The matching and labeling program 9 attempts to match the characteristics of each segmented area of the document stored in the segmentation parameters file 7, with those of the objects described in the document knowledge base 8, layer by layer, from the bottom up. In order to avoid the combinational explosion which would result from attempting to match all characteristics of all segmented areas with all characteristics of all objects for all layers, a focus of attention method is applied in the matching and labeling program in a top down manner. Matching attempts are made only with objects possessing sufficient structural evidence at both the highest layer and the current processing layer. This method is well known in the art and is used in artificial intelligence programs as a control mechanism when exploring complex problems with numerous possible paths. It limits path selection by determining and selecting the path that has the best chance of being successful. For further information on focus of attention methods see The Handbook on Artificial Intelligence, Vol III (P.R. Cohen & E. A. Feigenbaum, Eds.), HeurisTech Press, Stanford, 1982, which is incorporated herein by reference.

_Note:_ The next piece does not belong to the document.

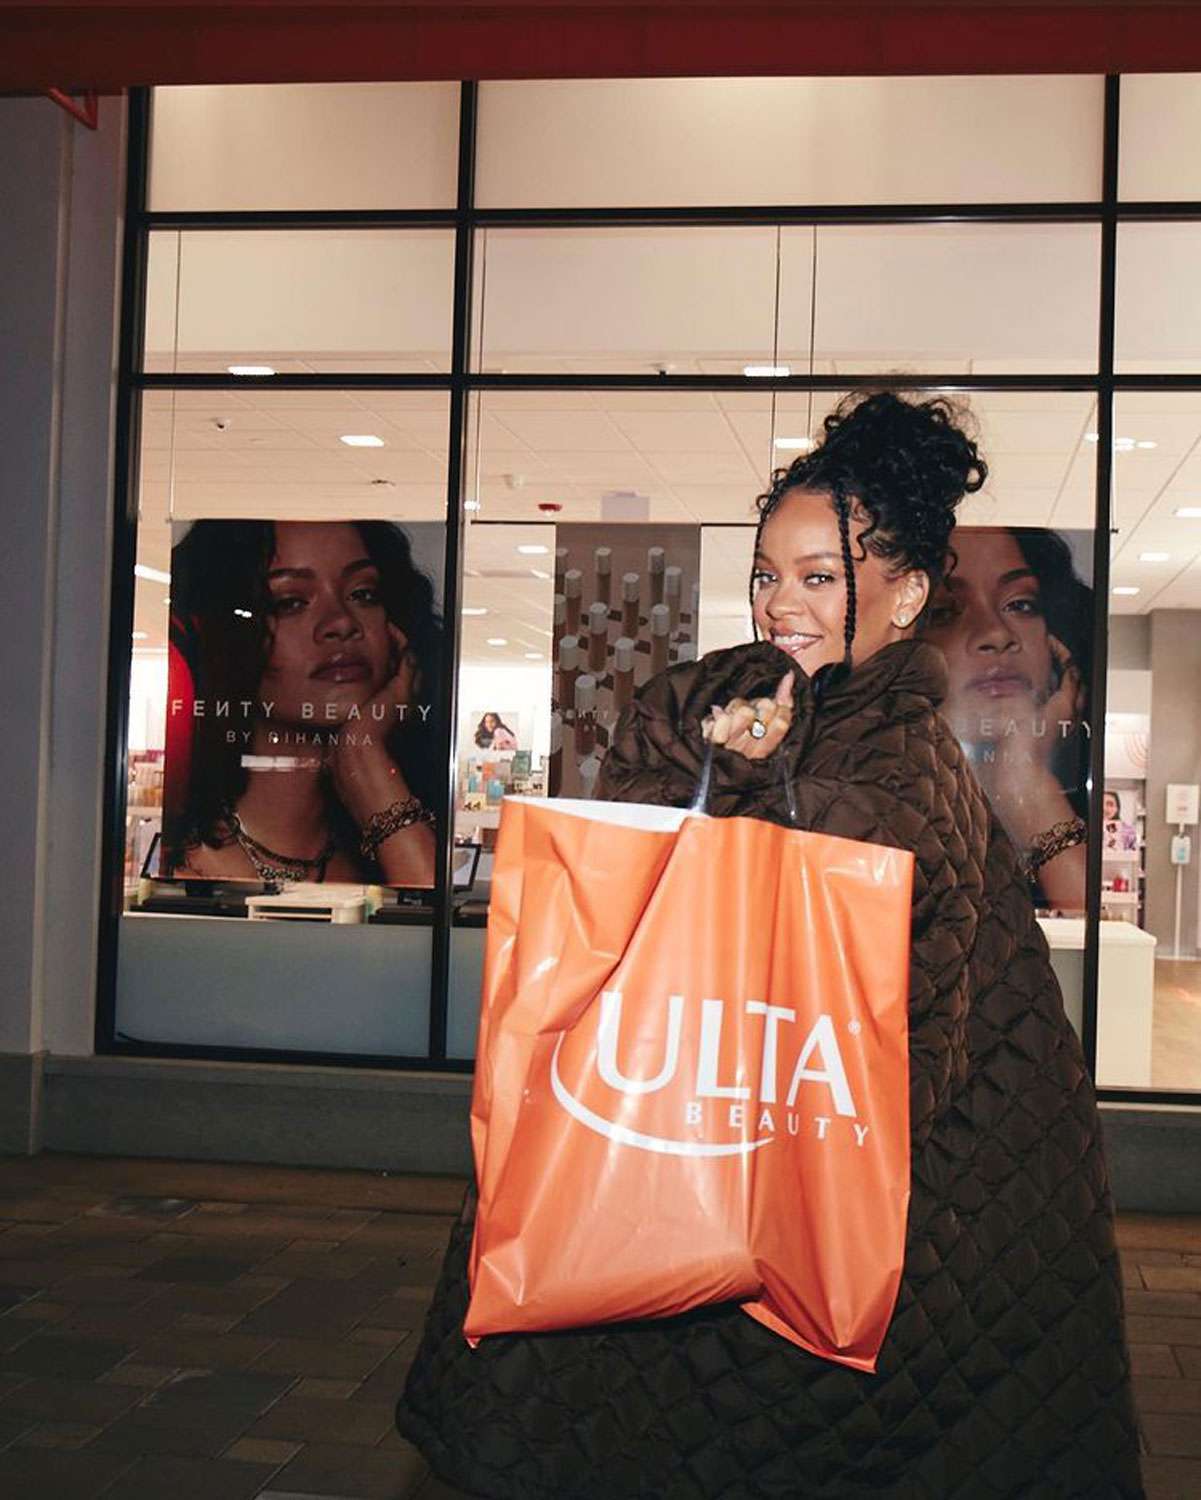 Rihanna, Otopark Fotoğrafı Op: 'In My Ulta Bag' ile Ulta'ya Fenty Beauty Getirdiğini Duyurdu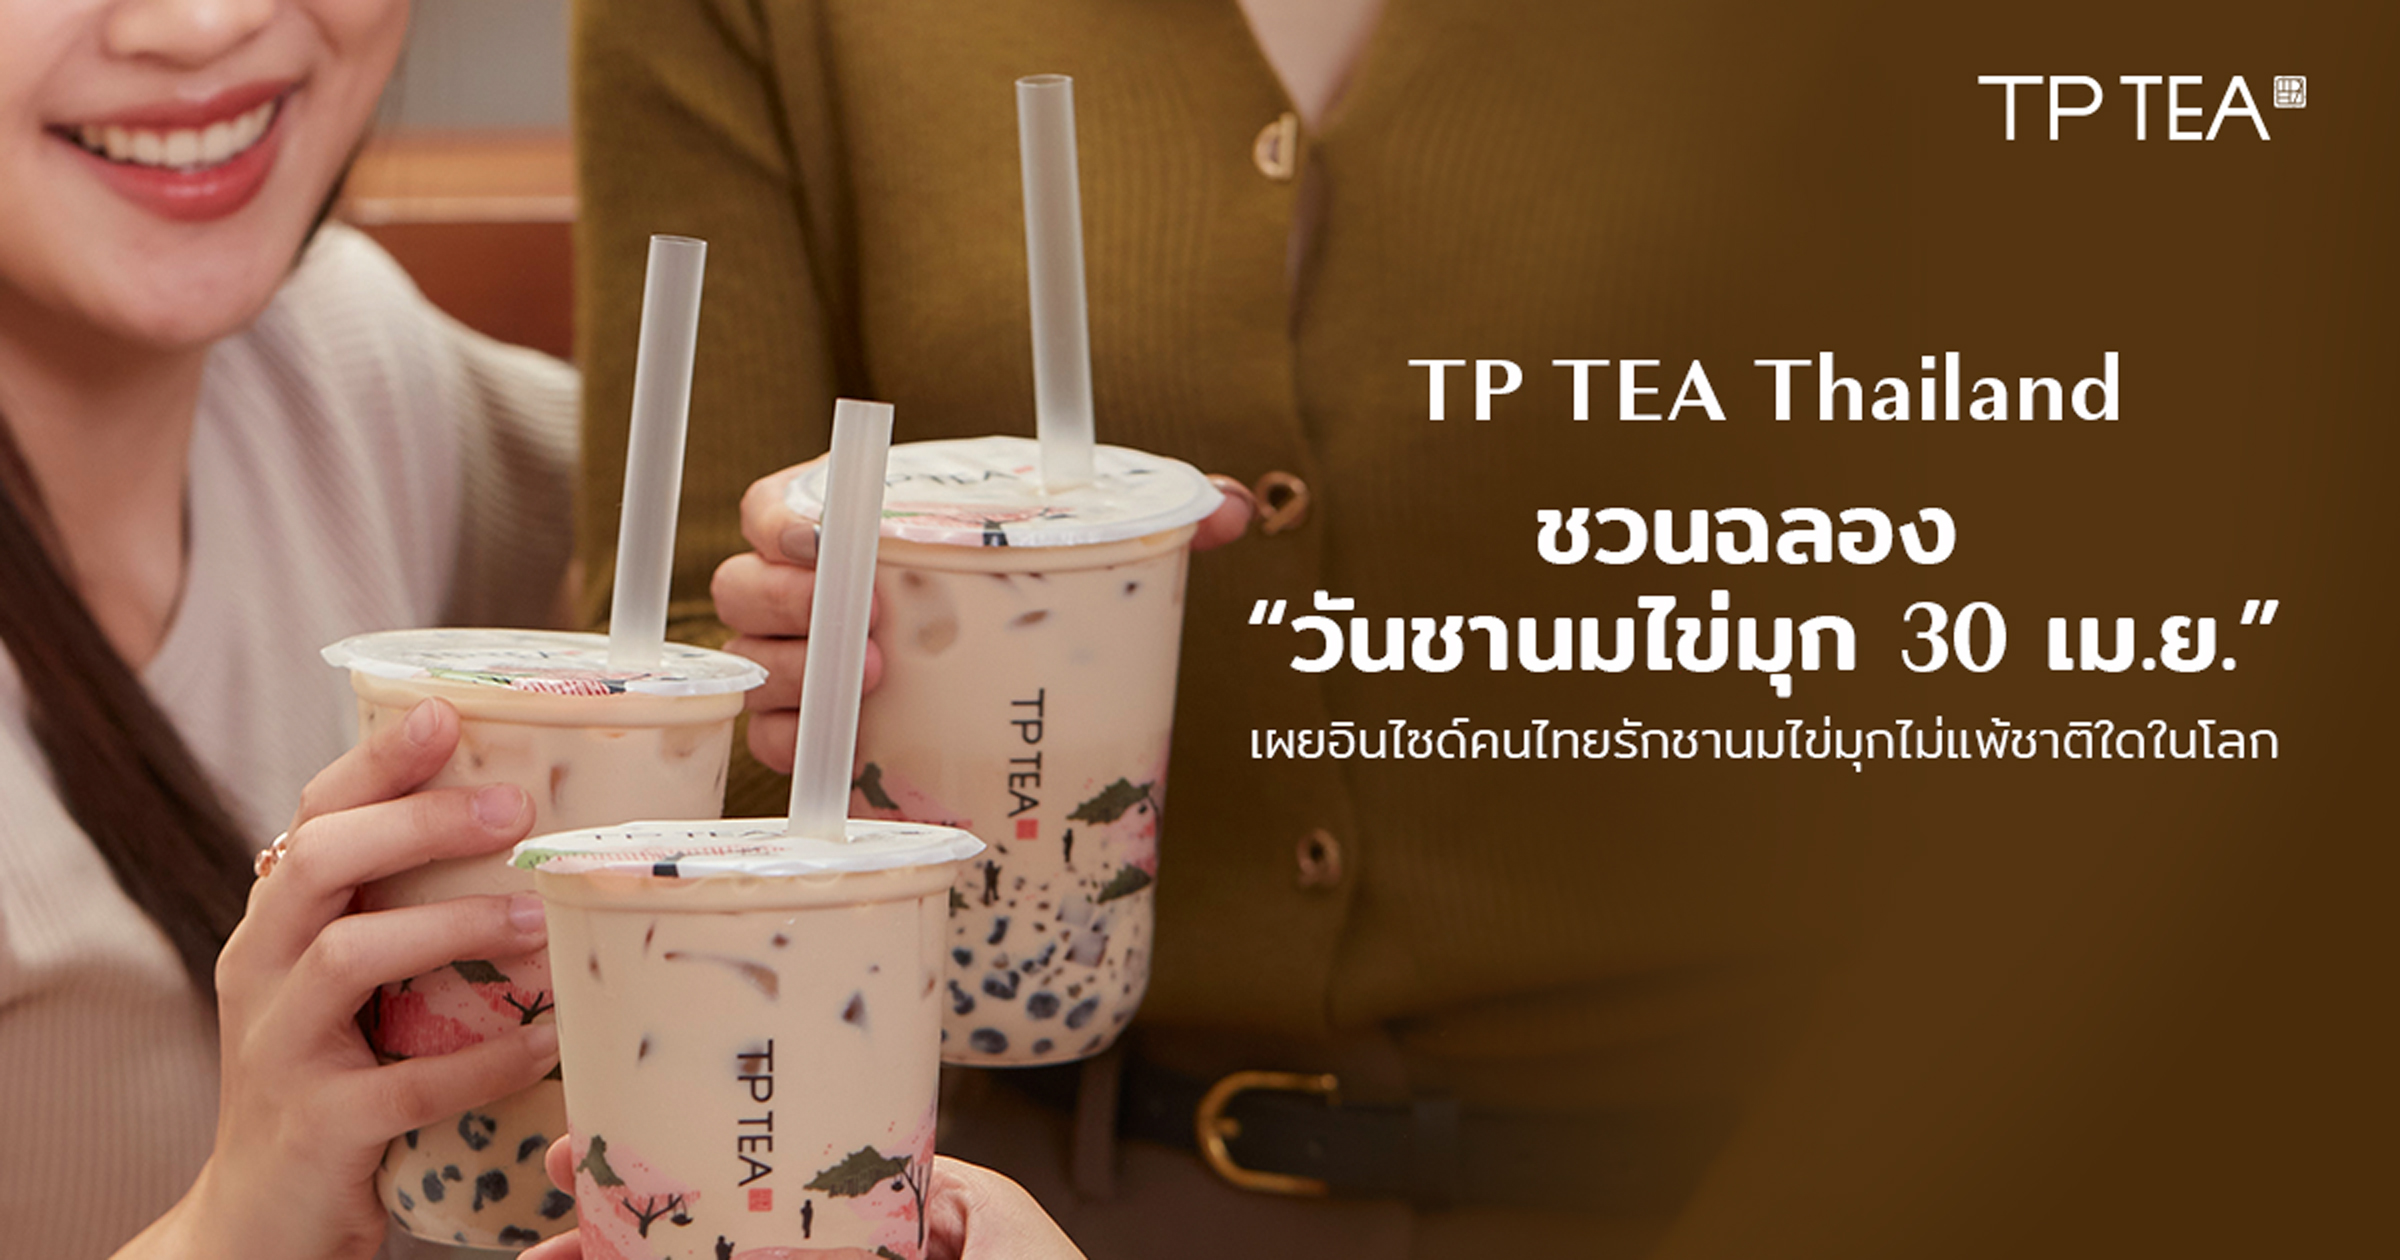 TP TEA Thailand ชวนฉลอง “วันชานมไข่มุก 30 เม.ย.” เผยอินไซด์คนไทยรักชานมไข่มุกไม่แพ้ชาติใดในโลก สำนักพิมพ์แม่บ้าน

A focus of attention control routine is used by the matching and labeling program 9 whenever a decision is needed of what to do next. When a layer of the document knowledge base has been processed, the focus of attention routine will consult the execution knowledge base 15 to verify if the result of the current process has created a condition that requires a change to one of the other strategies described in the execution knowledge base.

A successful match is found when the characteristics of a segmented area from the segmentation parameters file 7 are sufficiently similar to the characteristics of an object in the document knowledge base 8, provided the match is not contradicted by another relation in another layer of the document knowledge base. Stated differently, a match is found when characteristics matching by the matching and labeling program 9 has accumulated enough evidence that the area under analysis is the object to which it is matched, using fuzzy logic mathematics.

Fuzzy logic is an approach to approximate reasoning in which truth values, in this instance regarding the matching of area and object characteristics, are defined as possibility distributions that carry linguistic labels such as very true, true, not very true, not true, etc. A range of numbers are used to quantify these imprecise evidences. A value above a determined threshold is considered as an acceptable match. Threshold values are determined by the policy file of the execution knowledge base or set by default.

Once an acceptable match is found between an area and an object, a preliminary label is assigned to the area 10 and temporarily stored in the labeled segmentation parameter file 10. This preliminary label is, subject to verification at an upper layer of the Document knowledge base 8 by matching the areas's structure with the structure of the class and sub-class selected for the document.

Data base 13 is updated by the matching and labeling program 9 with all the finally determined labels of the areas, the access parameters of the areas, and the class and sub-class of the document.

The retrieval and execution program 11 retrieves and displays all or selected areas of documents. Retrieval is accomplished by searching through the data base 13 for a match on a requested document class or sub-class, or for a match on a document or area characteristic. Images of documents can be displayed completely or objects representing areas of the document can be selected and displayed. The retrieval and execution program 11 accesses the execution knowledge base 15 for selective display information, the labelled segmentation parameters file 10 for specific coordinates of the areas to display, and the data base 13 for classification parameters and digitized document images.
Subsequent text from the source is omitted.